These are both great goals - to achieve both would make you healthy (losing weight) and professionally stronger (better communicator). However, a crucial aspect is missing: how will you achieve these?!
I bet you thought the missing part was "making them measurable". Agreed. These goals lack measure. But that is easily fixed. Lose weight: "I want to lose 25 lbs." Communicate better: "Demonstrate improved communication skills by presenting a well-rated presentation at this year's User's Conference." I'm flying past "making these measurable" because, to be honest, that isn't the hard part.
The hard part is setting up a plan to achieve these goals. That's because the foremost strategy for achieving a difficult goal is to attack it head-on. The challenge with the head-on strategy is it will feel like you're making an incredible sacrifice. Your motivation will waver and usually break because of two reasons:
- You're attempting to establish a new behavioral pattern that is less enjoyable than your old ways.
- Change in oneself takes time; slow progress will make you question and usually abandon the goal.
Let's take weight loss as an example. A head-on strategy would be a typical approach: diet, cardio, and resistance training. Diet is a sacrifice - let's face it, fries, chips, butter, soda, fast-food, all taste good for a reason - and you've banned them. Exercise takes time - and it hurts. So you're eating less delicious food and you're sore all the time. Your measure of progress is your weight scale. You get on the scale every morning - and progress is brutally slow.
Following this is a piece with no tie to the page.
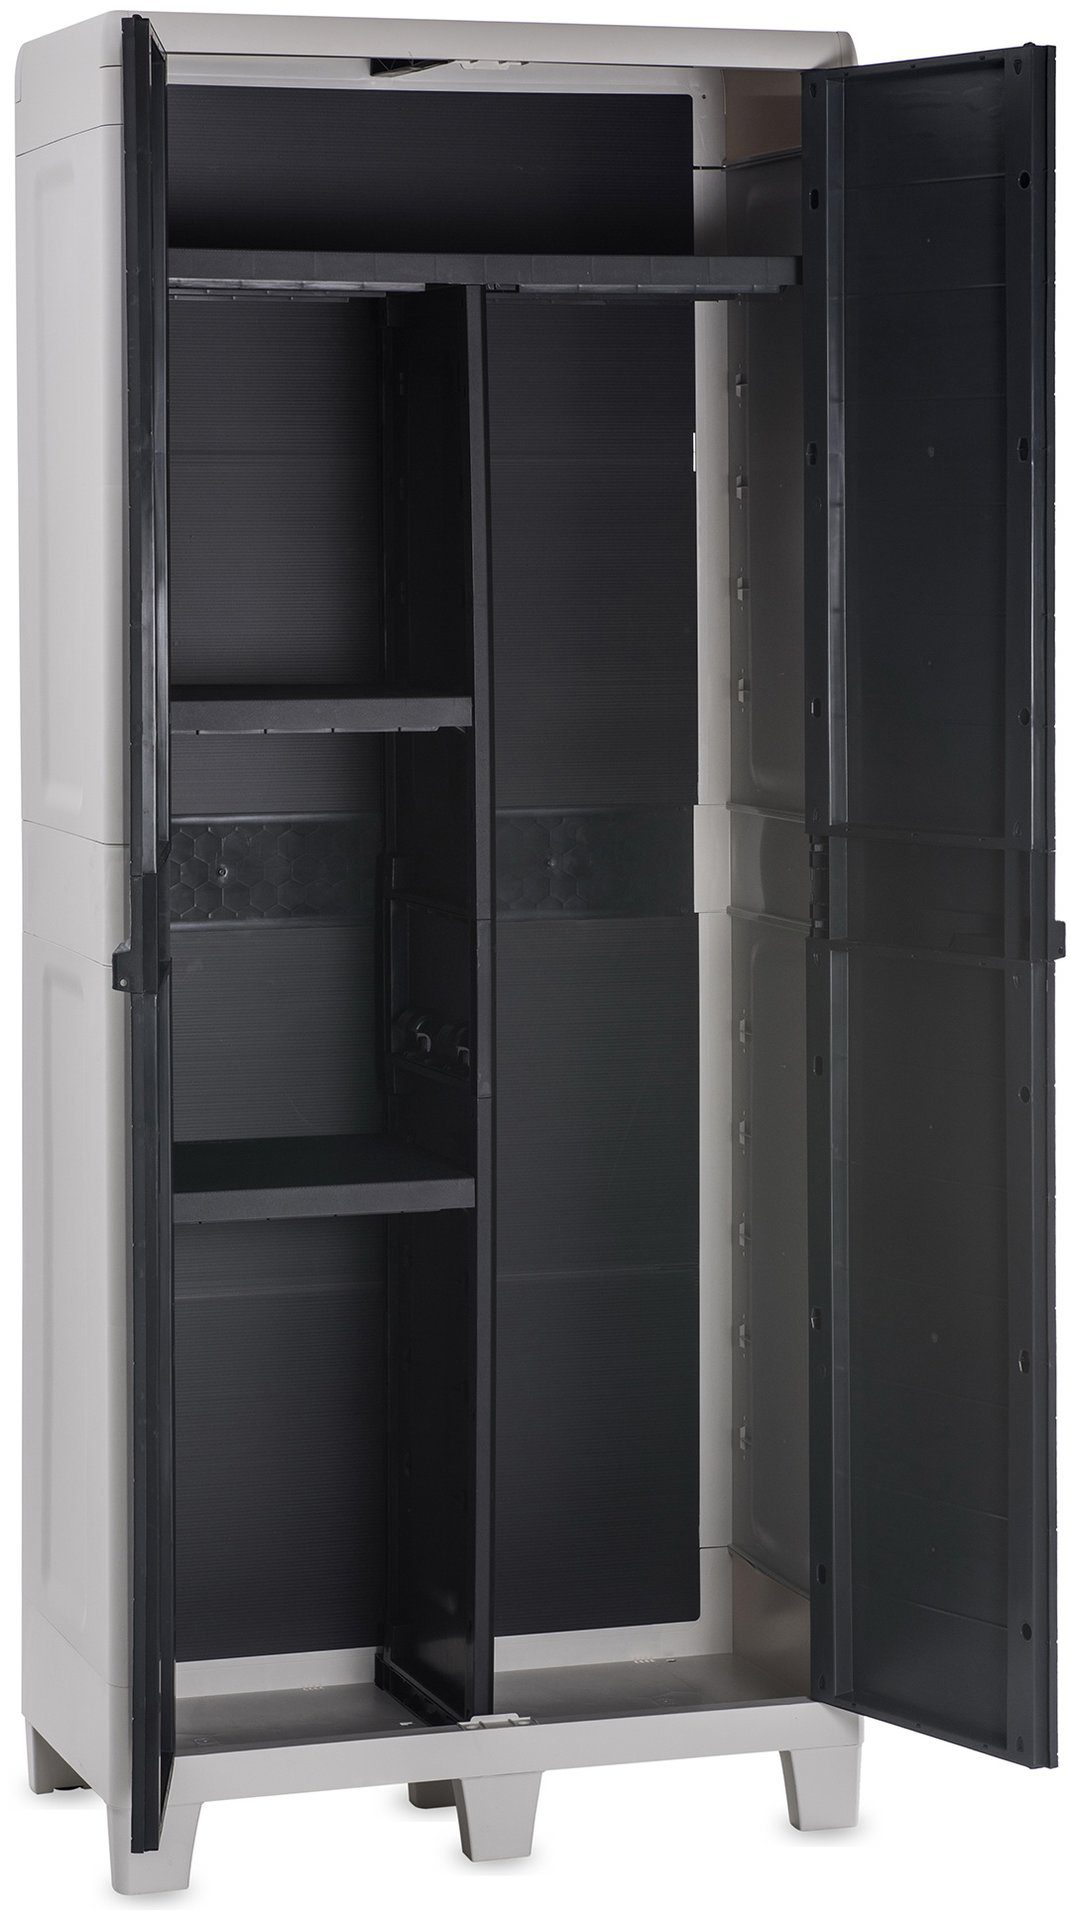 Шкаф TOOMAX WOODY'S XL (глубокий), 2-х дверный с 3 полками, арт. 076, дверцы антрацит

In as few as a couple weeks, you may start wondering, "All this sacrifice for 1 lb a week?!?!"
Here's my suggestion: choose a lateral, or indirect goal. The lateral goal you choose should have these qualities:
- The side-effect of the lateral goal will be progress against the main goal.
- Visible progress is easily made - this is critical!
Again, let's come back to weight loss. Here are some examples of lateral goals for losing weight:
- Eat "clean" for 21-days.
- The measure here is to count days.
- Train for a half-marathon that is nine months away.
- The measure here will be progress with the distance/time you're running.
- Enter a weight training regimen with the goal to bench-press, deadlift, and squat your bodyweight.
- The measure here is the amount of weight you lift.
I admit that a head-on strategy will achieve the same result as a lateral approach - and maybe even faster. But that is a surface-level perspective. If you break the surface, people who take a head-on approach are less likely to continue their endeavor - because the psychological "net worth of the investment" will be viewed as a loss. Progress came too slowly, and the sacrifice was significant.
On the other hand, a lateral approach has measures that are more quickly made. Even if you only run another quarter mile this week, or get another rep at 135 lb - you're seeing more progress more quickly. The psychological net worth will be viewed positively. As a result, you'll be motivated to continue.
I wager that most goals are in desperate need of lateral thinking:
- "I want to save more money."
- Lateral: read a book a week for a year (suggest the library). This would have multiple side-effects. Less electricity used (TV). Instead of going out to the movies, start a book club. Most importantly, learn something new (improve yourself professionally, earning more $$$).
- "I want to improve my relationship with my spouse."
- Lateral: ask him/her one question about their day, every day.
- "I want to make my product the best."
- Lateral: institute a corporate-wide emphasis on first-class techniques for hiring and keeping the best staff.
I'm a big believer in lateral goal setting - I've had a lot of luck with it! Good luck approaching your goals laterally!